Validity was assessed using discriminant validity in ten studies (Table 2) and three studies also reported on criterion validity by using different analyses (Cheng et al., 2018; Liu et al., 2015; Severgnini et al., 2016). Only one study did not report on any validity tests (Pudas‐Tahka & Salantera, 2018). About discriminant validity, Chanques et al. (2014) tested the responsiveness of the CPOT and the BPS using an effect size coefficient and demonstrated a significantly higher responsiveness of the BPS compared with the CPOT (1.99 and 1.55, respectively). Al Darwish et al. (2016) also used the effect size coefficient and here the CPOT scored 1.37, while the BPS scored 1.20.

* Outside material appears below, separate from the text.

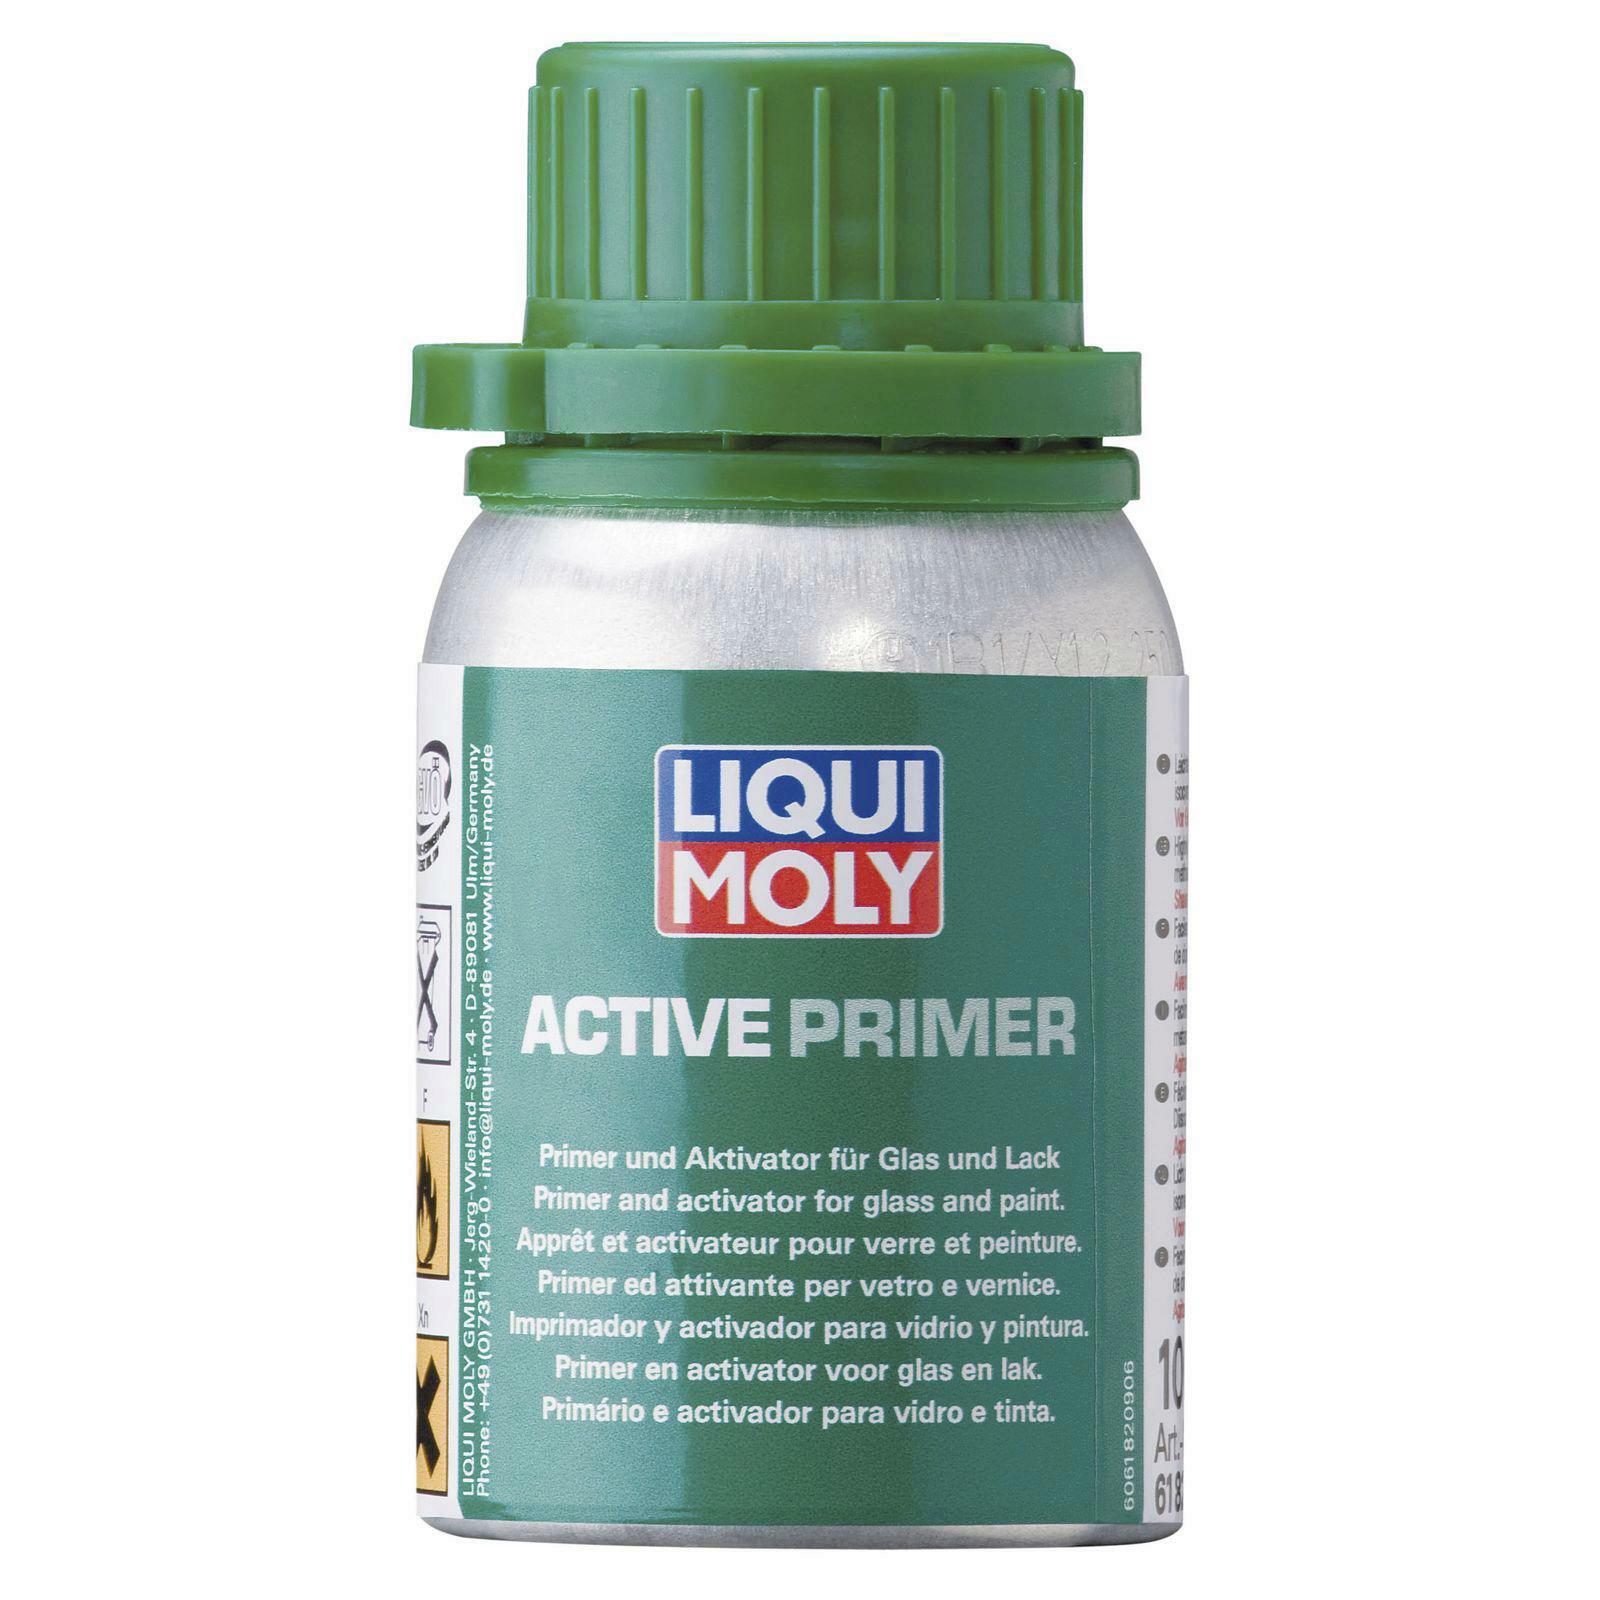 Liqui Moly Active Primer 100ml

Rijkenberg et al. (2015) and Rijkenberg et al. (2017) calculated the discriminant validity between the CPOT and the BPS using the Friedman test. In Rijkenberg et al. (2015), the median scores increased by two points from rest to painful procedure (p < .001). The median BPS scores between rest and non‐painful procedure showed a significant increase of one point (p = .002), whereas the median CPOT score remained unchanged. In Rijkenberg et al. (2017), the median CPOT and BPS scores for both nurses increased significantly (p = .001) from rest to painful procedure (Table 2).

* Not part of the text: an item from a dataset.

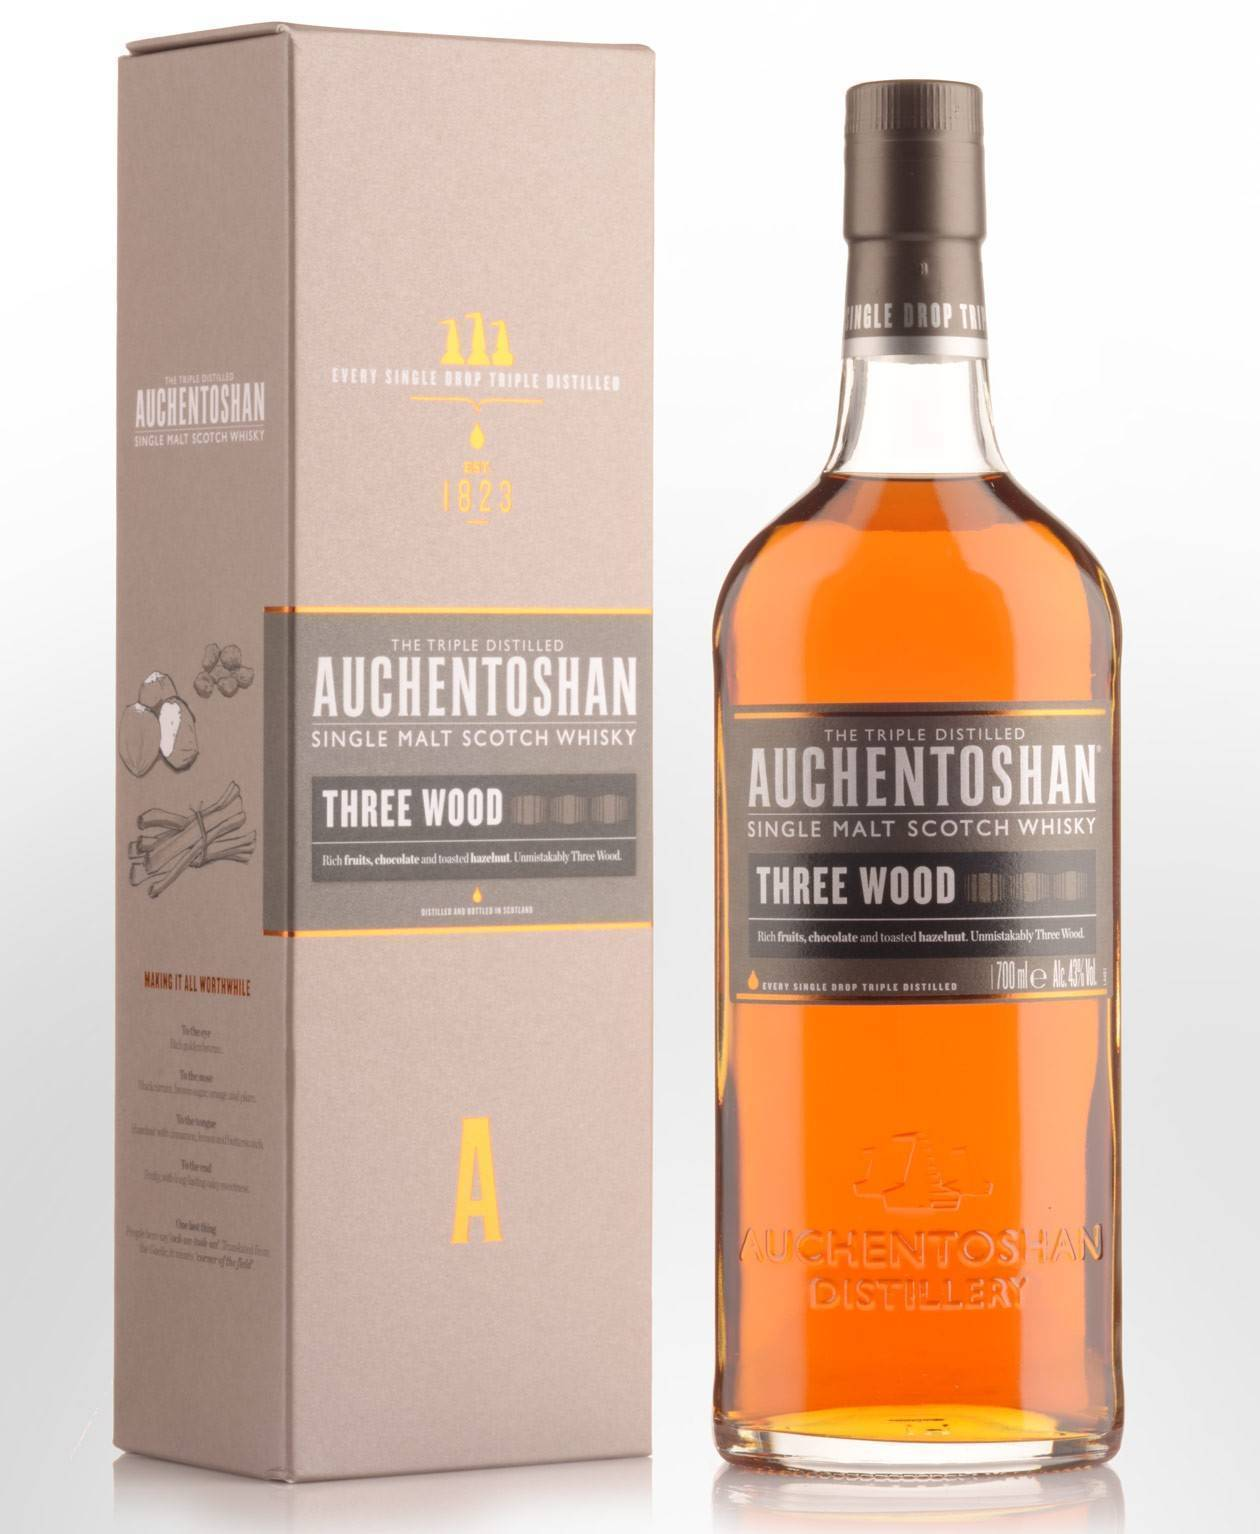 Обзор линейки шотландского виски Auchentoshan. История бренда, особенность производства и стоимость

Klein et al. (2018) showed a significant increase in the median scores for pain in both measures between rest and turning, using Kendall's W; here, the BPS scored 0.92 and the CPOT 0.93. Cheng et al. (2018) also showed significant differences in the mean scores from rest to suction by using ANOVA. In the pilot study by Hsiung et al. (2016), a total of 100% of patients showed an increased score for the BPS between rest and suction compared with 90% of the patients for the CPOT.

Liu et al. (2015) calculated the discriminant validity using the Mann–Whitney test. The scores for the CPOT and the BPS during painful procedures were significantly higher than during non‐painful procedures (p < .001). There was no significant difference between the scores at rest and during non‐painful procedures (p > .05).

Severgnini et al. (2016) calculated discriminant validity using the Wilcoxon coefficient for the CPOT and the BPS during care with conscious and unconscious patients. Both tools showed a statistical difference during nursing care (p < .0001) and after nursing care (p < .0001). They also compared the two tools at three different times by using the Cohen's kappa before (κ = 0.69), during (κ = 0.64) and after nursing care (κ = 0.66). Furthermore, they evaluated criterion validity by using Spearman rho (ρ) and by comparing the two pain scales using a VAS scale. Strong correlations with VAS were found, which included all measurements (ρ = 0,48 and ρ = 0.56). Gomarverdi et al. (2019) used a similar approach by using the Spearman correlation during suction. Here, BPS had a median value of 7, while CPOT had a median value of 4, with a strong correlation (r = .88, p < .001). The Wilcoxon coefficient was highly significant for both measures from rest to suction (CPOT: = −0.8.01 and BPS: = −8.05).

5. DISCUSSION

This systematic review aimed to examine the measurement properties of the CPOT and BPS when used to assess pain during procedures in the ICU. Due to clinical and methodological heterogeneity across the studies included, a quantitative synthesis was not possible. Several methodological limitations, including pre‐experimental design approaches, limited control of confounders and small sample sizes, burden the body of evidence. The main findings are that the CPOT and the BPS both show good reliability and validity and are both good options for assessing painful procedures in the ICU. However, certain issues were identified in the studies, involving both pain assessment tools.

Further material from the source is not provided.